Прежде чем вернуться в квартиру Владу, я решаю пойти домой чего-нибудь перехватить.

— Что у тебя случилось? — вопросом встречает меня Мария, но, видя, насколько я мрачен и погружен в свои мысли, не настаивает на ответе. — Так до сих пор и не ел? Даже в столовой не был?

Я не поднимаю глаз. Мария молча уходит на кухню. Иногда я ужасно страдаю от того, что не могу ей всего рассказать. Мне было бы легче. Мы живем вместе уже пятнадцать лет. За это время научились понимать друг друга без слов, только по глазам. У Марии красивые карие глаза, такие же и у нашего сына, а дочка больше на меня похожа… Я не могу обманывать эти чистые, ясные глаза. Поэтому, если я молчу, она знает почему… Значит, устав не позволяет мне болтать языком.

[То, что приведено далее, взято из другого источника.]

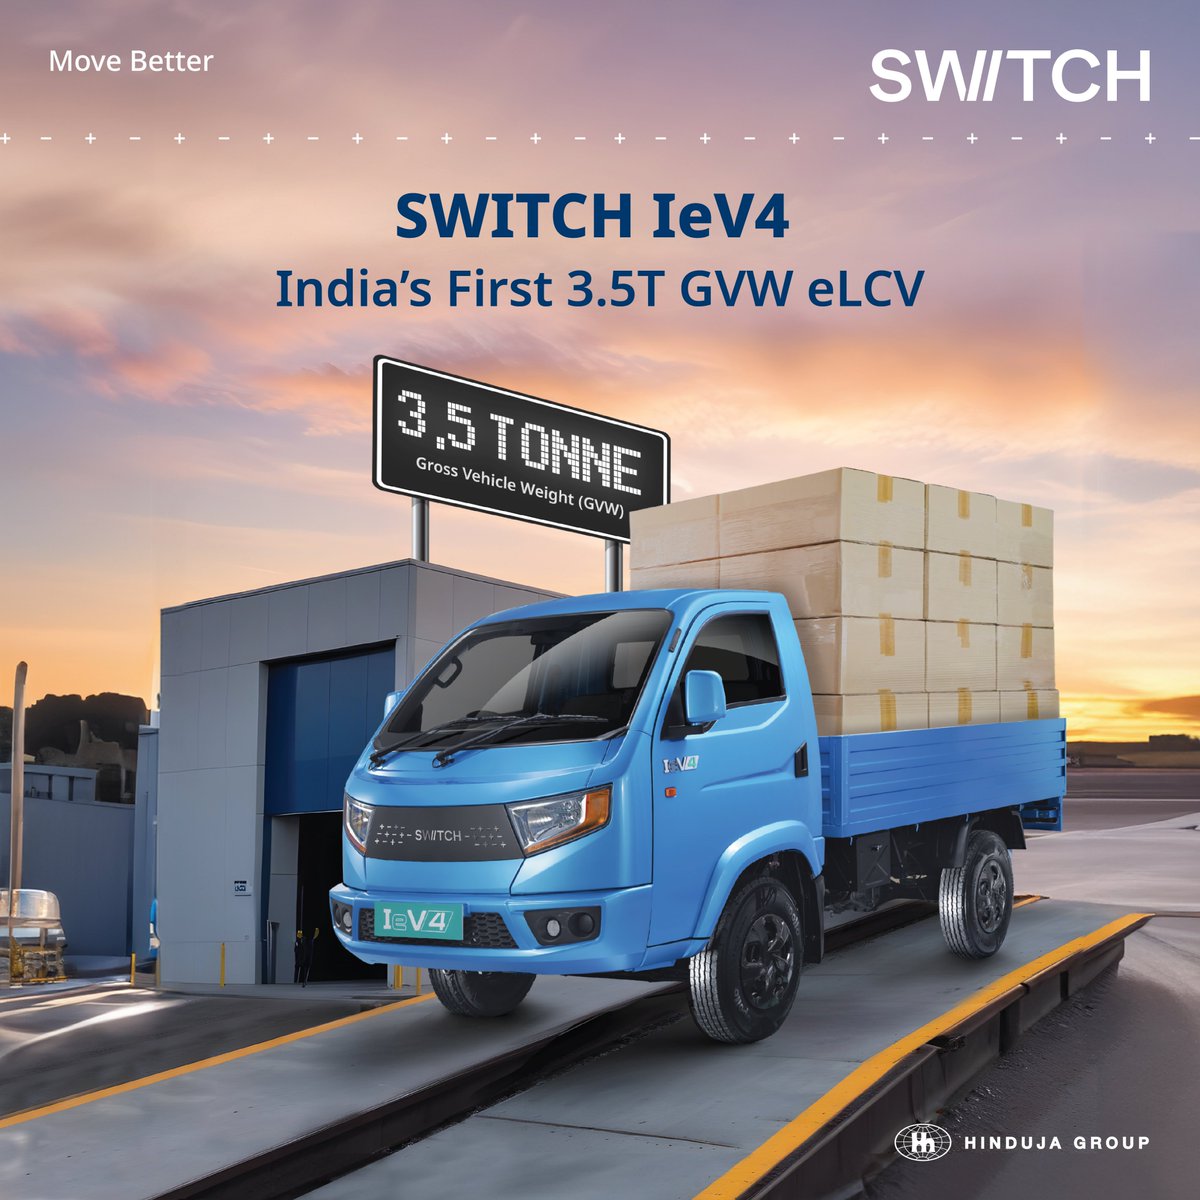 Lead the way towards a greener future with Switch IeV4, India's first to offer a Gross Vehicle Weight (GVW) of 3.5 tonnes, revolutionizing transportation with unmatched sustainability and performance.

#SwitchMobility #ElectricVehicles #MoveBetter #EcoFriendly #ZeroEmissions

— Это правда, — раздается из кухни ее голос, — это правда, что Владу бросил жену?

— И не только жену…

Мой ответ заставляет ее выскочить из кухни. Мария уже не та тоненькая девчонка, на которой я когда-то женился. После рождения дочери она сильно пополнела.

— То есть как?!

Я поспешно замолкаю. Как бы не произнести слова «дезертирство»! Я целую ее в щеку и иду к телефону: ведь Лика Грама осталась дежурить в квартире Владу.

— Говорит майор Анастасиу… Есть какие-нибудь новости? — Я уверен, что услышу отрицательный ответ.

— Да, есть, товарищ майор, — слышу я взволнованный голос Лики Грама. — В 16.10 зазвонил телефон. Я взяла трубку, несколько раз повторила: «Алло», но ответа так и не последовало.

— Может быть, что-нибудь с телефоном?

— Не думаю… Во всяком случае, наш аппарат исправен. А в 17.00 фокус повторился.

Я смотрю на часы. Сейчас 17.15. Говорю:

— М-да… Интересная новость!.. Я дома. Сейчас поем и подменю тебя. Спасибо!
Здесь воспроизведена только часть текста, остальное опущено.